> **Instructions to follow**: Retype, word for word, every line from the one holding "Vamp orange velvet top, 16 (retro)" through the one holding "Frama - Studio" in the entries below, both included, and only those lines.

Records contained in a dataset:
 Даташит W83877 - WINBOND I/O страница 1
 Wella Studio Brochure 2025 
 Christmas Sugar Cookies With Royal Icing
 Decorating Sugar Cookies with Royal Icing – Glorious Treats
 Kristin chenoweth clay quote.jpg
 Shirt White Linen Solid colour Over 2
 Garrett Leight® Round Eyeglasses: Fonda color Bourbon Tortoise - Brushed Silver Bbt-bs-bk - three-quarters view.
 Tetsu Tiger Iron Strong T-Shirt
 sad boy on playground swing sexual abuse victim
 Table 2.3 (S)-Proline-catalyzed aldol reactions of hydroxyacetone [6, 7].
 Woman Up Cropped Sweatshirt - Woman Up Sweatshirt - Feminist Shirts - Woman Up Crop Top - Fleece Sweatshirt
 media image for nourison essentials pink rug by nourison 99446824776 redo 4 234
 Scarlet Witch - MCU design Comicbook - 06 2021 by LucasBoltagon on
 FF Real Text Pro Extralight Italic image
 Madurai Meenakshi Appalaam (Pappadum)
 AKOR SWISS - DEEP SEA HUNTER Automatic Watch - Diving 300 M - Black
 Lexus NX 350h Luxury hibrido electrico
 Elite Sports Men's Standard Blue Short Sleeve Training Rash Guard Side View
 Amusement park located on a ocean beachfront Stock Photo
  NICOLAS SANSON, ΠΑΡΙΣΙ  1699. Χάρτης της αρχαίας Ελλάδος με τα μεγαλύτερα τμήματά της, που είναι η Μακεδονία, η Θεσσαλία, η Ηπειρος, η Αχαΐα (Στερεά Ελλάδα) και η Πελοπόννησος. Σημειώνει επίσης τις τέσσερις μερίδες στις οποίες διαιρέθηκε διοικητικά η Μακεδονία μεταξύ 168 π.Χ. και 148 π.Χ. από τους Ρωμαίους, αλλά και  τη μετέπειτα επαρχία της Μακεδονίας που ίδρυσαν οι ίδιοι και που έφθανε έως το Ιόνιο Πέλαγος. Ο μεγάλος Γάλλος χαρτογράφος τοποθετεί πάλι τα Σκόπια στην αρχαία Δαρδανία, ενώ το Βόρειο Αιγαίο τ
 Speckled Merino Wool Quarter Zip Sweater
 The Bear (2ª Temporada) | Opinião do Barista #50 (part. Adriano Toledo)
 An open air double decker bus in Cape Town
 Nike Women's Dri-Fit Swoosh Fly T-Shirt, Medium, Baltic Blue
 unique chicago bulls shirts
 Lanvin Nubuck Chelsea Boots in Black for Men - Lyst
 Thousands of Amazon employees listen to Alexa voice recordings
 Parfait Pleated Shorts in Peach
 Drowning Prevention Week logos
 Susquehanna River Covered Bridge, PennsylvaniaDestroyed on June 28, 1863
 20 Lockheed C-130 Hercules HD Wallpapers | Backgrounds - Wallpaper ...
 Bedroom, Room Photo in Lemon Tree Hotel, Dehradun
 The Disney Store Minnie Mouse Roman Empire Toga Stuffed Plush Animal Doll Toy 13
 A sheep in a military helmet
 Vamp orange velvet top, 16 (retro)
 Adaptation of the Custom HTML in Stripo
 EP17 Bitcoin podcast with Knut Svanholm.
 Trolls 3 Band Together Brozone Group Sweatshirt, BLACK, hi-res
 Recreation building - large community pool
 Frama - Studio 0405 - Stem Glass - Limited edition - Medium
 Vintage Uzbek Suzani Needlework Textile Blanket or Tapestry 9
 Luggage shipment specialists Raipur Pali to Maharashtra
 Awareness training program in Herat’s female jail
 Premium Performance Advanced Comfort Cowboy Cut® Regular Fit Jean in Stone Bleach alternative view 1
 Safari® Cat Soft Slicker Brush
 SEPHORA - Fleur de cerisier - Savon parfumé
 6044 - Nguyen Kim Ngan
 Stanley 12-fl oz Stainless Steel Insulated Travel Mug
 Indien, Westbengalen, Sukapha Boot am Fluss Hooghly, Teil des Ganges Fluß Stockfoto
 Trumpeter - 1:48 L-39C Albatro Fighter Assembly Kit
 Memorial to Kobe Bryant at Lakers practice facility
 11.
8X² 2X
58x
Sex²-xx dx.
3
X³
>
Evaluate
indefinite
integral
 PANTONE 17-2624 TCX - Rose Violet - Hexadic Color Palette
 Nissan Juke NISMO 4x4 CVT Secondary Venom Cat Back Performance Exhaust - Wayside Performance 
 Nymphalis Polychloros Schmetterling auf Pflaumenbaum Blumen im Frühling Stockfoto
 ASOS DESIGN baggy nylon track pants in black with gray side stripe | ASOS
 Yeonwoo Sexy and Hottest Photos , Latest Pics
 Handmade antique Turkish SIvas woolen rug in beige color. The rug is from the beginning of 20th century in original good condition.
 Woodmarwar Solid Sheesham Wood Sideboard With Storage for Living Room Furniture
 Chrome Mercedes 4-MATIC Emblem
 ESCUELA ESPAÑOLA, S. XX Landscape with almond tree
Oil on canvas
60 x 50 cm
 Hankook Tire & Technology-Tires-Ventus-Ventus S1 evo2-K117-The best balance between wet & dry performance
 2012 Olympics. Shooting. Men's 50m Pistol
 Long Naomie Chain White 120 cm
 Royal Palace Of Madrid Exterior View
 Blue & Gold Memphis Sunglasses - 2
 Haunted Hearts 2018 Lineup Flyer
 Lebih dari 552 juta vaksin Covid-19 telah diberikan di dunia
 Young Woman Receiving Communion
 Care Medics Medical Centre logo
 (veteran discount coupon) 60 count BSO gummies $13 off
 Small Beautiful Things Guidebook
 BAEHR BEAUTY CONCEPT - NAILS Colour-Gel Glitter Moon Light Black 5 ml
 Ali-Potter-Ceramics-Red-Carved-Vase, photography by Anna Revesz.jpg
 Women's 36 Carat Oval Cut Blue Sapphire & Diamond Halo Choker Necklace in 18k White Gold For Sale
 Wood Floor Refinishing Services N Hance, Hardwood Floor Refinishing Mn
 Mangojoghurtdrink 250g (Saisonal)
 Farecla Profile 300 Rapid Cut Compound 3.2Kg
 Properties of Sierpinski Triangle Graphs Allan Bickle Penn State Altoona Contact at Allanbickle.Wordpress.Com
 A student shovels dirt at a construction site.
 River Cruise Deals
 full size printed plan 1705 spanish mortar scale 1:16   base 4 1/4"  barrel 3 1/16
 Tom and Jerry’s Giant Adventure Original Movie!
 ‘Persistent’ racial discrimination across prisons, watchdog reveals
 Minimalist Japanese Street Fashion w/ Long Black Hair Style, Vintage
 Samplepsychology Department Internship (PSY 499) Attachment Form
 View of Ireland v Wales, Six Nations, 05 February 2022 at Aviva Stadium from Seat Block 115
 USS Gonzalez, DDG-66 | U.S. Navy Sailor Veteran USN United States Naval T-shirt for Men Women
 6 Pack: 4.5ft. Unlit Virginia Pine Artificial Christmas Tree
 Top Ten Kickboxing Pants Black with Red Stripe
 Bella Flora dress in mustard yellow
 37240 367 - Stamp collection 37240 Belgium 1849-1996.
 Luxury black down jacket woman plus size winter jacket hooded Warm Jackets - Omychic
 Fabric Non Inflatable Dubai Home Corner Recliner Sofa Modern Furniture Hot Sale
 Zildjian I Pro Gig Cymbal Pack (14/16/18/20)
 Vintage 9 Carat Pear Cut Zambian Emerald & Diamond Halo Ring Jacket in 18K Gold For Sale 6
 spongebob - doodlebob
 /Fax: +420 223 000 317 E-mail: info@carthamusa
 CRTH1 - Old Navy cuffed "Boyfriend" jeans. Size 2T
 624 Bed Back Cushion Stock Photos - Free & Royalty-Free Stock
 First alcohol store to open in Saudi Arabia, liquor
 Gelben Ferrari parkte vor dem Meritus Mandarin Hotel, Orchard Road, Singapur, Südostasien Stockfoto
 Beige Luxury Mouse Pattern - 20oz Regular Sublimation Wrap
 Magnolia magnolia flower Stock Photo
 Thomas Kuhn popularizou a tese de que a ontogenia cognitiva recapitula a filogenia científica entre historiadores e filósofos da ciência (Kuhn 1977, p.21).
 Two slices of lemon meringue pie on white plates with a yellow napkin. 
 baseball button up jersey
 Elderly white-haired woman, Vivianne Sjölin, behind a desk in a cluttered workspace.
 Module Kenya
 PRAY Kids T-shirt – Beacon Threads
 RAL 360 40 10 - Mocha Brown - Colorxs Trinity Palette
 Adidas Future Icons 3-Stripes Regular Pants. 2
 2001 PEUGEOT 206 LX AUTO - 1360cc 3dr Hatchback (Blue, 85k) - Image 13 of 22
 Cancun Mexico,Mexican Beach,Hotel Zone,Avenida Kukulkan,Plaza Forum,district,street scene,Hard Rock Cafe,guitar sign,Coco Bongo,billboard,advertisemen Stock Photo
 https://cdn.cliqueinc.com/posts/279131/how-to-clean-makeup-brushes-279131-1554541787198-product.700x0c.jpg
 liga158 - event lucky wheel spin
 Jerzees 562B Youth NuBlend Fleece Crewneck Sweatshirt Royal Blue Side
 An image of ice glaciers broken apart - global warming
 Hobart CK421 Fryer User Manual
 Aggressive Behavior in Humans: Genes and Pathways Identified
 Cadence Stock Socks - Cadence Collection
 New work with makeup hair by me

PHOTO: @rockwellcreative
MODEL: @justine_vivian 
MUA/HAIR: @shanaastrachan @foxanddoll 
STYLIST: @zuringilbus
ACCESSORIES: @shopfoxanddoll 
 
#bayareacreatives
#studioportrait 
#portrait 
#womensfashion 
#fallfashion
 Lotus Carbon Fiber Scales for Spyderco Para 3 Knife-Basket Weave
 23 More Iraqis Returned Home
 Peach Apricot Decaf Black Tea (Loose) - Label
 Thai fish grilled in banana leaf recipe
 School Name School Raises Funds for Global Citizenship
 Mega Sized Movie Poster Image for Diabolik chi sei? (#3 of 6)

> **Completed exercise**:
 Vamp orange velvet top, 16 (retro)
 Adaptation of the Custom HTML in Stripo
 EP17 Bitcoin podcast with Knut Svanholm.
 Trolls 3 Band Together Brozone Group Sweatshirt, BLACK, hi-res
 Recreation building - large community pool
 Frama - Studio 0405 - Stem Glass - Limited edition - Medium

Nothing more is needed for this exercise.